# Aged Cherry Tease!!!



## Tennessee Tim (Dec 15, 2010)

WELL....the saw still works!!!!:thumbsup: Just not enough time!!!!:thumbdown::no::blink:
Here's a little tease of a large 30"x 10' quad limb cherry upper log...3 of the limbs almost lined up truly (within 6" of true axis) and a small crotch at the end. I've let this age a few years. I don't have all my pics ready yet BUT here's a start.









Now as Da Aard knows...I don't waste much...here's a few slabs reconfigured as beautiful salvage. a view from both sides.

















Here's a few close-ups.

















Thanks and enjoy.


----------



## Da Aardvark (Oct 11, 2012)

Tease is correct.
I'm still wanting to use more of that burnt cherry.


----------



## Woodychips (Oct 3, 2015)

Sweet colour!


----------



## Allen Tomaszek (Dec 11, 2010)

Nice looking cuts Tim. Been sawing some big cherries recently as well. I'll be back at it this weekend. I'll try to remember pics.


----------



## Tennessee Tim (Dec 15, 2010)

The color was hard to capture...wet the wood to enhance and it would glare. The aging has brought out some odd grain. 

Here's some more pic's....as soon as I get them on my website I'll post the link here.

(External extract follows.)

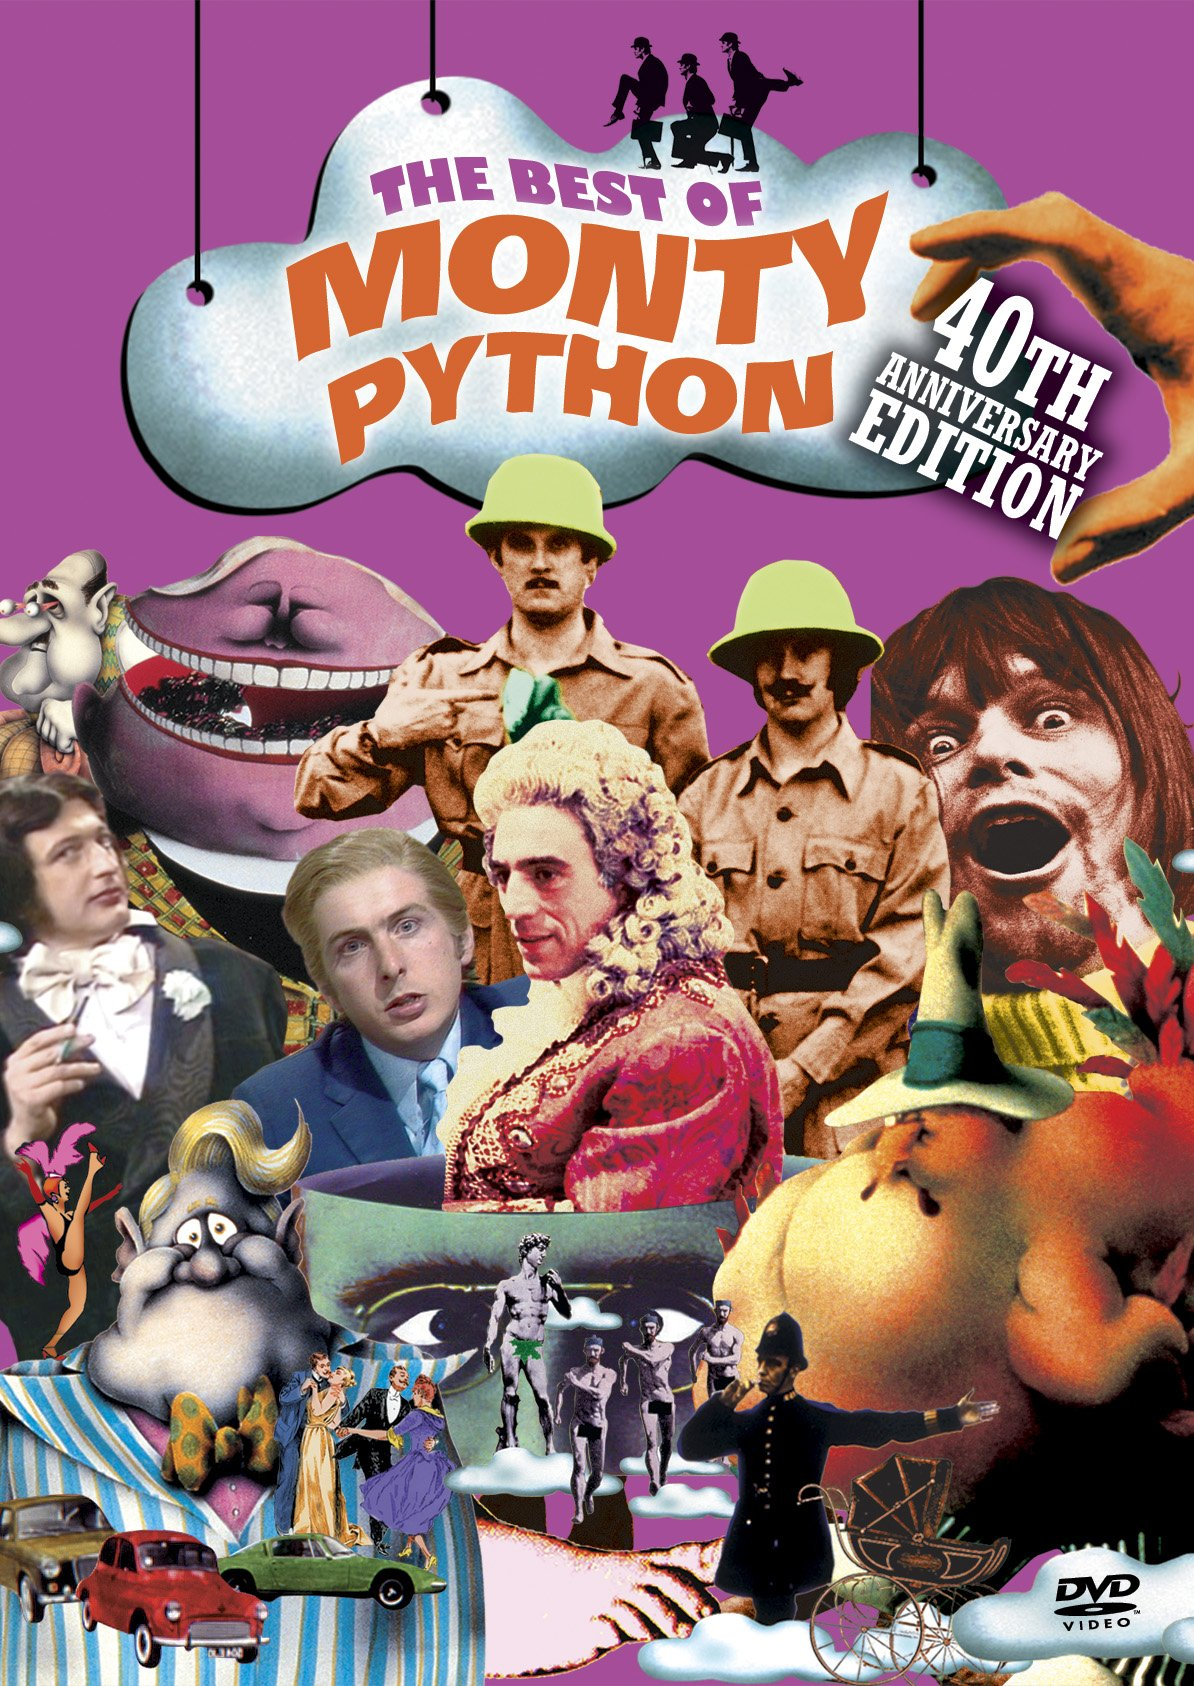 The Best of Monty Python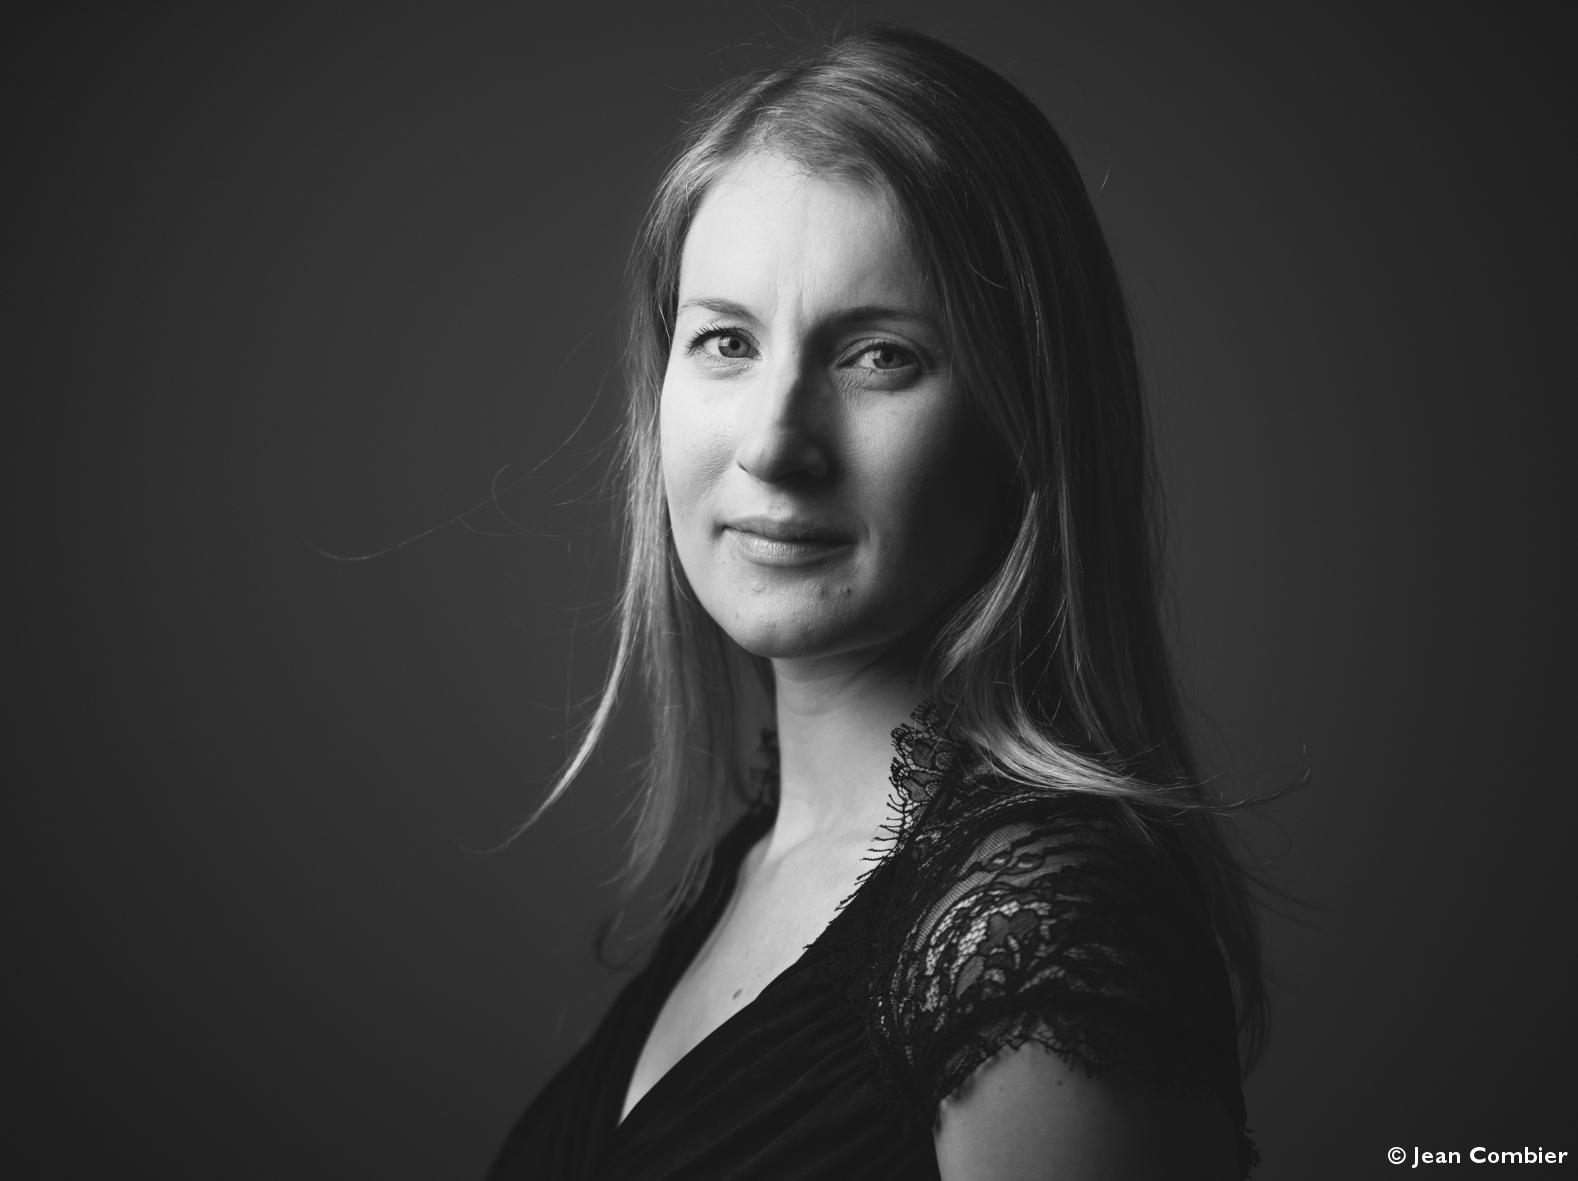 concert-hostel-dieu-NEWHOUSE-Heather-soprano-credit-J.Combier

These are some close-ups of various boards.









































Hey Aard....here's the BUCKET for the drool !!! :laughing: The burnt cherry is still sit aside for you.:thumbsup:


----------



## Da Aardvark (Oct 11, 2012)

I'm building a shop in the spring (if all goes well).
I'll be coming for some.

Nice grains. Thanks for showing em.
You already know black walnut and grainy cherry are my favorites.


----------



## Woodychips (Oct 3, 2015)

Tennessee Tim said:


> The color was hard to capture...wet the wood to enhance and it would glare. The aging has brought out some odd grain.


Never seen this effect before in aged cherry. Looks like it has a mottled pattern in it now. The little off colour white patches aren't wood rot are they?


----------



## Tennessee Tim (Dec 15, 2010)

Thanks all.

Yes it has blotchey patterns....that's part of the aging...I've seen it happen in walnut also, just more contrast.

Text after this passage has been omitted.